* [PROVIDED ENTRIES]
Start of Block
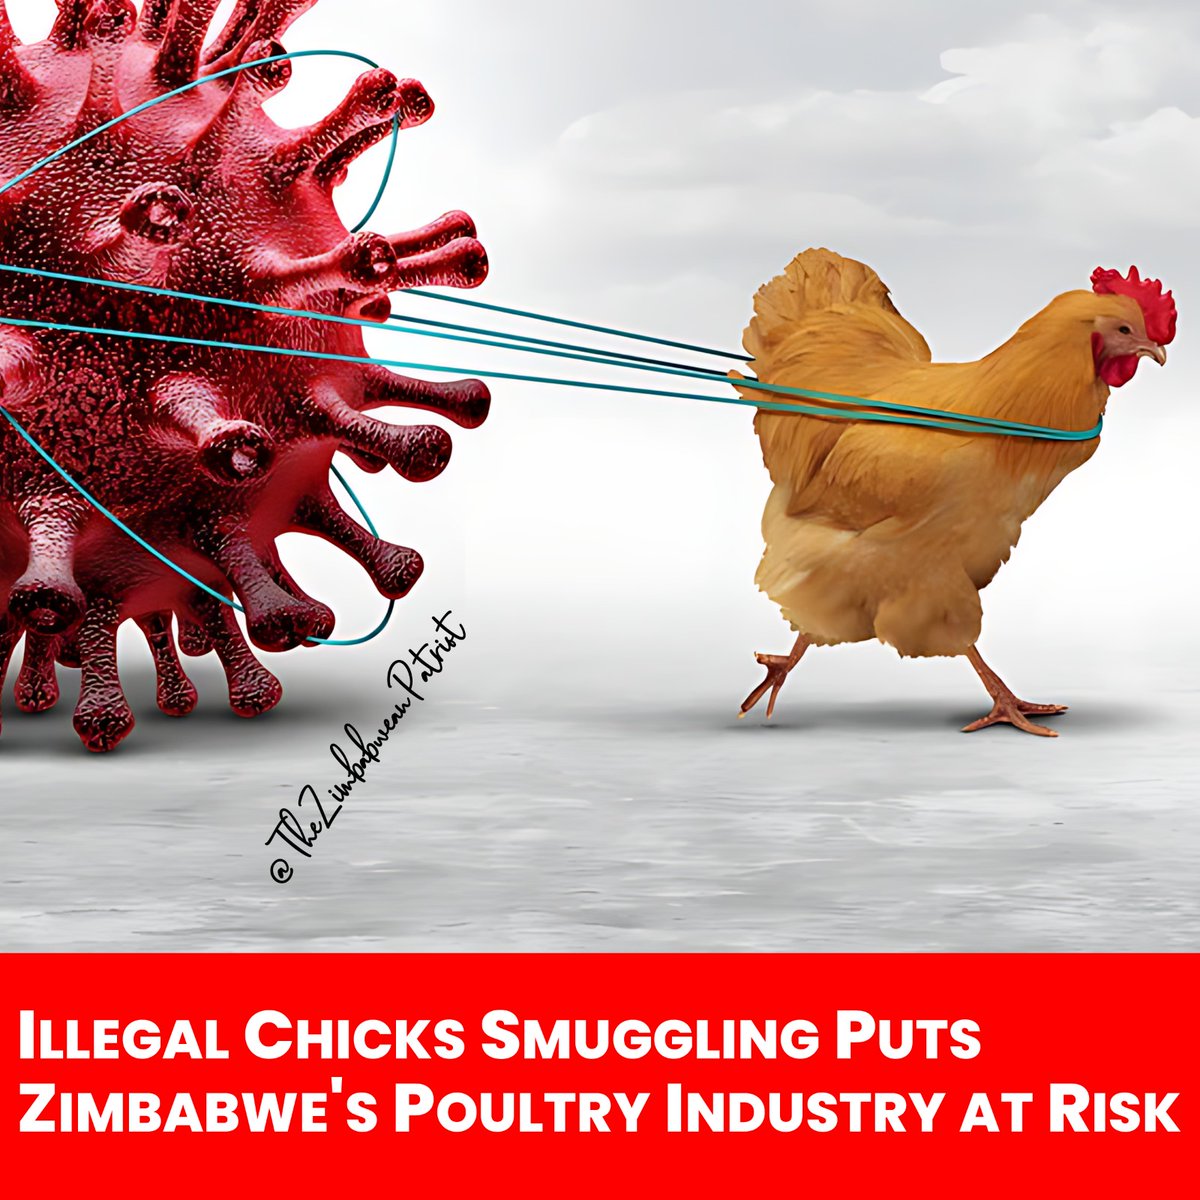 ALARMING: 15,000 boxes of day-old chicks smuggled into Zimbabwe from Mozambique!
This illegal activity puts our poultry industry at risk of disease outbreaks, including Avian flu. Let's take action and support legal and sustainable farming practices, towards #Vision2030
End of Block
Start of Block
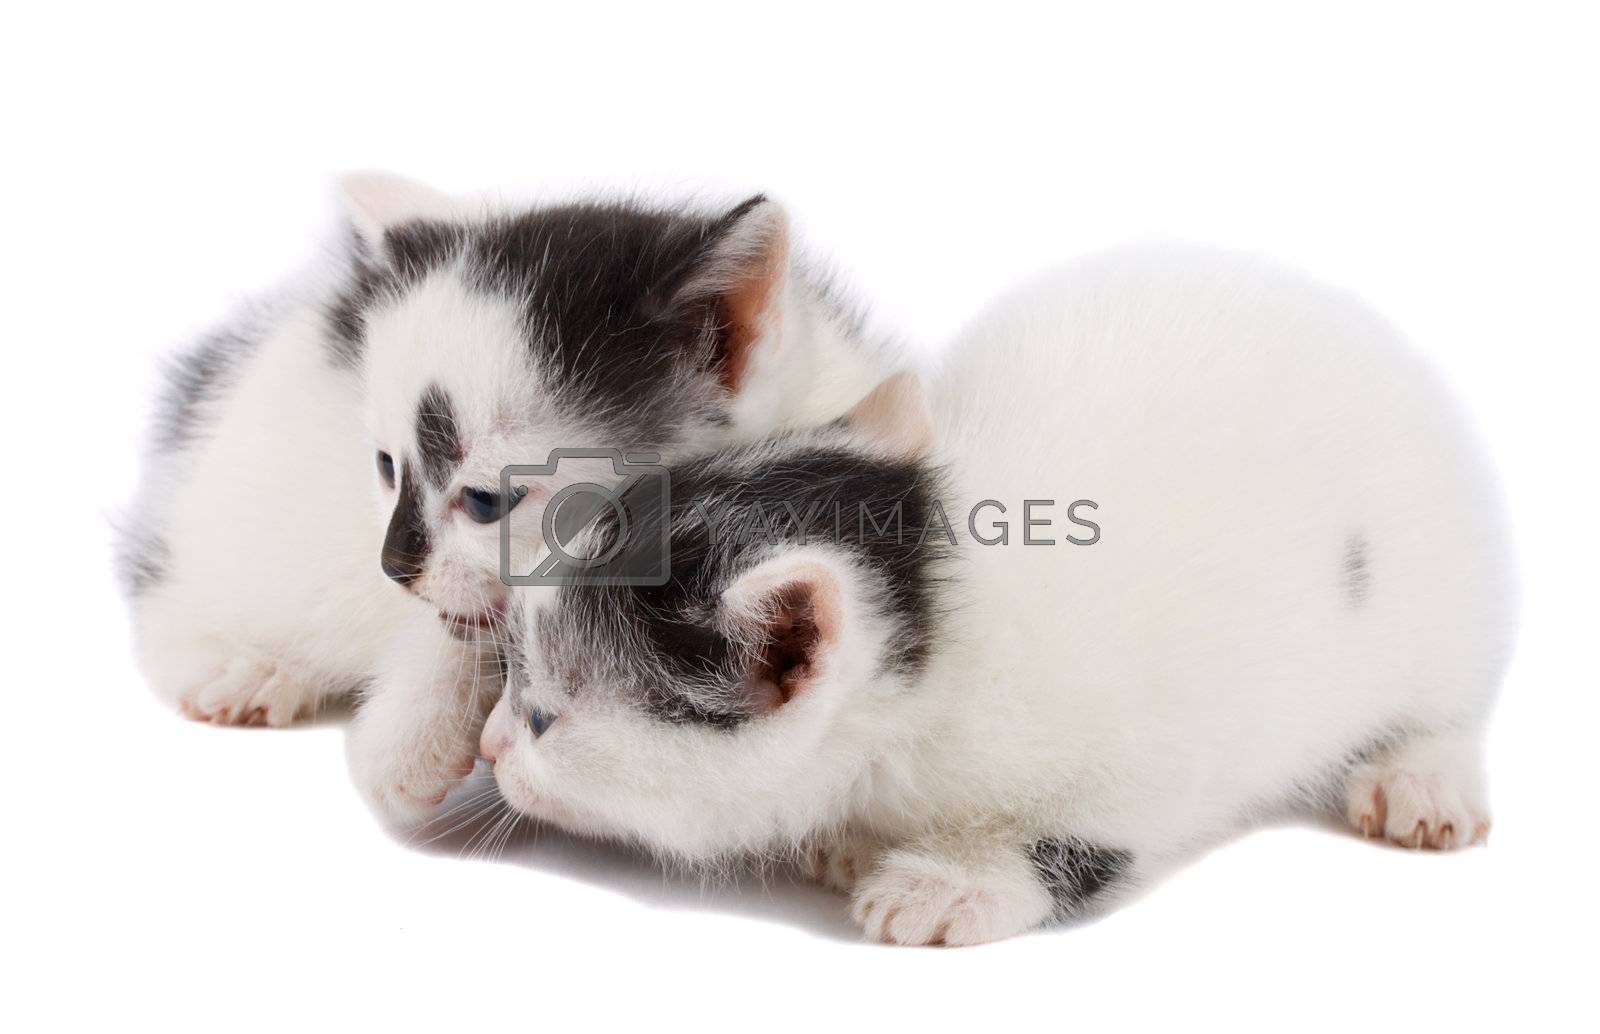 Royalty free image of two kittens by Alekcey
End of Block
Above are some records. Output exactly the lines from the one that contains "ALARMING: 15,000 boxes" to the one that contains "This illegal activity", keeping both, and omit the pictures.

* [EXERCISE SOLUTION]
 ALARMING: 15,000 boxes of day-old chicks smuggled into Zimbabwe from Mozambique!
This illegal activity puts our poultry industry at risk of disease outbreaks, including Avian flu. Let's take action and support legal and sustainable farming practices, towards #Vision2030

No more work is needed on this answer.